[PATCH] PCI: dw-rockchip: Configure max payload size on host init
Hans Zhang
18255117159 at 163.com
Wed Apr 16 23:47:23 PDT 2025
On 2025/4/17 14:01, Niklas Cassel wrote:
> On Thu, Apr 17, 2025 at 10:19:10AM +0800, Hans Zhang wrote:
>> On 2025/4/17 04:40, Bjorn Helgaas wrote:
>>> On Wed, Apr 16, 2025 at 11:19:26PM +0800, Hans Zhang wrote:
>>>> The RK3588's PCIe controller defaults to a 128-byte max payload size,
>>>> but its hardware capability actually supports 256 bytes.
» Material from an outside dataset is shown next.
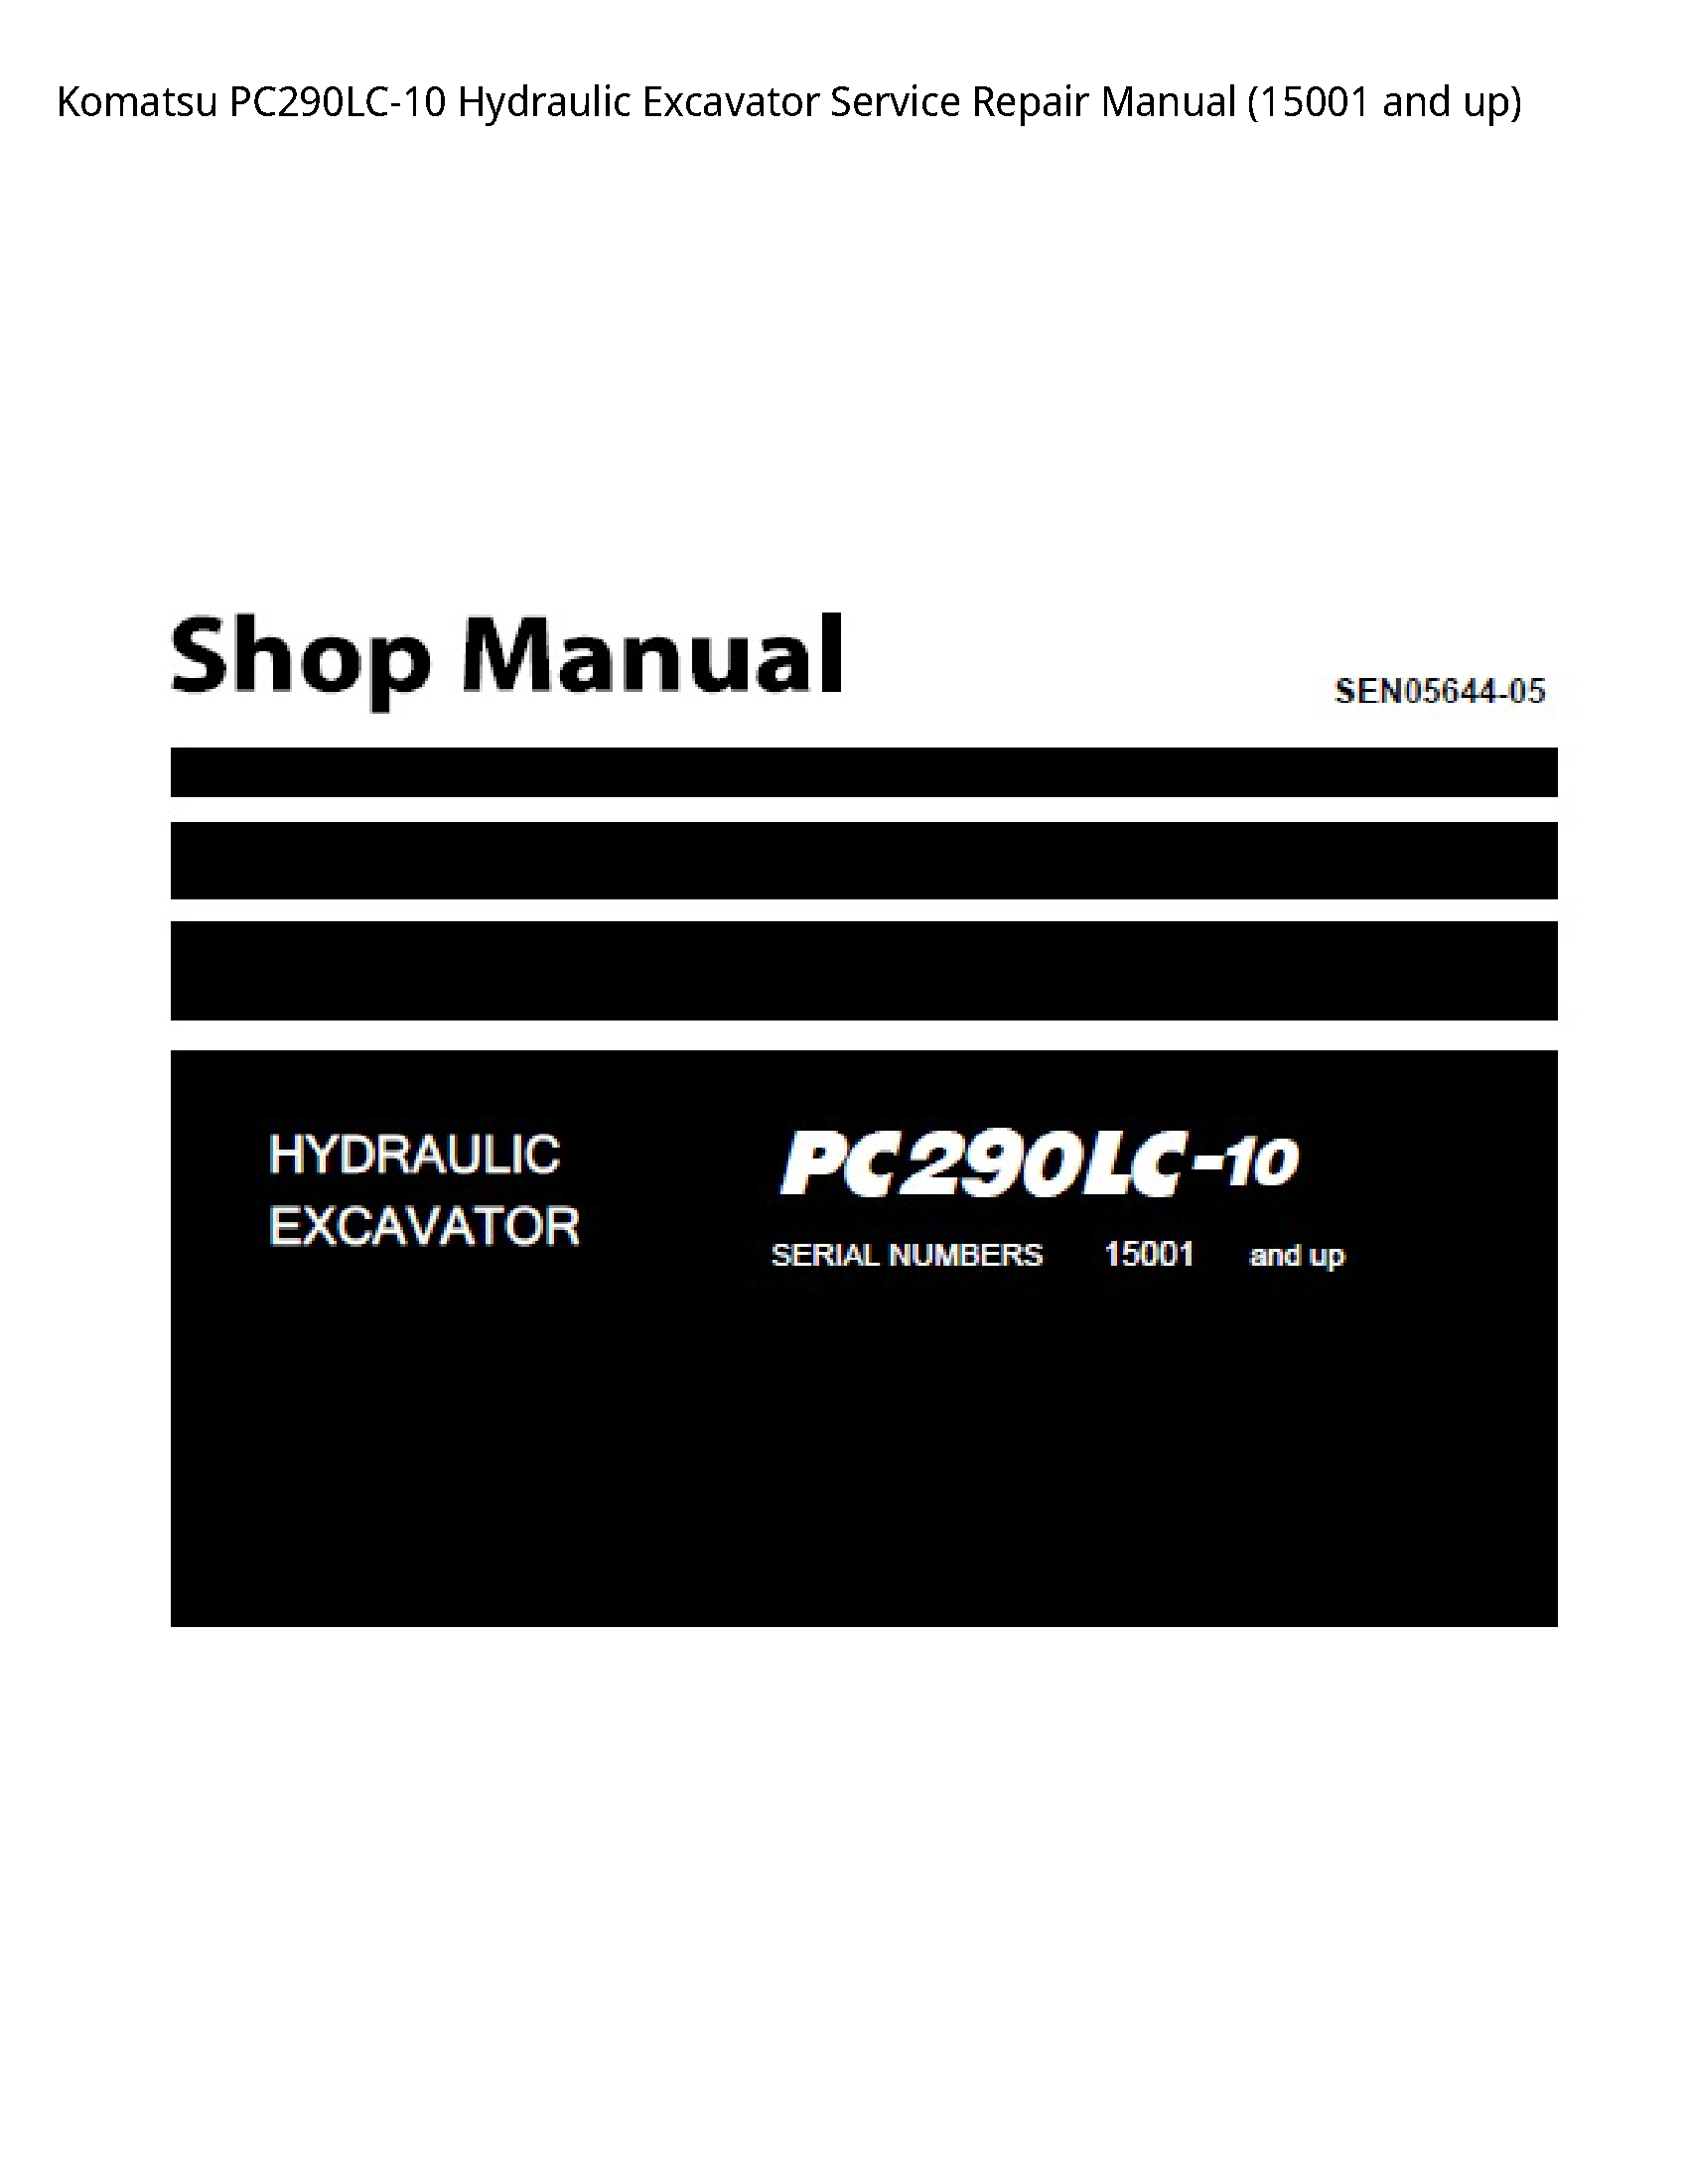 KOMATSU PC290LC-10 Hydraulic Excavator manual

This results
>>>> in suboptimal performance with devices that support larger payloads.
>>>>
>>>> Signed-off-by: Hans Zhang <18255117159 at 163.com>
>>>> ---
>>>> drivers/pci/controller/dwc/pcie-dw-rockchip.c | 18 ++++++++++++++++++
>>>> 1 file changed, 18 insertions(+)
>>>>
>>>> diff --git a/drivers/pci/controller/dwc/pcie-dw-rockchip.c b/drivers/pci/controller/dwc/pcie-dw-rockchip.c
>>>> index c624b7ebd118..5bbb536a2576 100644
>>>> --- a/drivers/pci/controller/dwc/pcie-dw-rockchip.c
>>>> +++ b/drivers/pci/controller/dwc/pcie-dw-rockchip.c
>>>> @@ -477,6 +477,22 @@ static irqreturn_t rockchip_pcie_ep_sys_irq_thread(int irq, void *arg)
>>>> return IRQ_HANDLED;
>>>> }
>>>> +static void rockchip_pcie_set_max_payload(struct rockchip_pcie *rockchip)
>>>> +{
>>>> + struct dw_pcie *pci = &rockchip->pci;
>>>> + u32 dev_cap, dev_ctrl;
>>>> + u16 offset;
>>>> +
>>>> + offset = dw_pcie_find_capability(pci, PCI_CAP_ID_EXP);
>>>> + dev_cap = dw_pcie_readl_dbi(pci, offset + PCI_EXP_DEVCAP);
>>>> + dev_cap &= PCI_EXP_DEVCAP_PAYLOAD;
>>>> +
>>>> + dev_ctrl = dw_pcie_readl_dbi(pci, offset + PCI_EXP_DEVCTL);
>>>> + dev_ctrl &= ~PCI_EXP_DEVCTL_PAYLOAD;
>>>> + dev_ctrl |= dev_cap << 5;
>>>> + dw_pcie_writel_dbi(pci, offset + PCI_EXP_DEVCTL, dev_ctrl);
>>>> +}
>>>
>>> I can't really complain too much about this since meson does basically
>>> the same thing, but there are some things I don't like about this:
>>>
>>> - I don't think it's safe to set MPS higher in all cases. If we set
>>> the Root Port MPS=256, and an Endpoint only supports MPS=128, the
>>> Endpoint may do a 256-byte DMA read (assuming its MRRS>=256). In
>>> that case the RP may respond with a 256-byte payload the Endpoint
>>> can't handle. The generic code in pci_configure_mps() might be
>>> smart enough to avoid that situation, but I'm not confident about
>>> it. Maybe I could be convinced.
>>>
>>
>> Dear Bjorn,
>>
>> Thank you very much for your reply. If we set the Root Port MPS=256, and an
>> Endpoint only supports MPS=128. Finally, Root Port is also set to MPS=128 in
>> pci_configure_mps.
>
> In you example below, the Endpoint has:
> DevCap: MaxPayload 512 bytes
>
> So at least your example can't be used to prove this specific point.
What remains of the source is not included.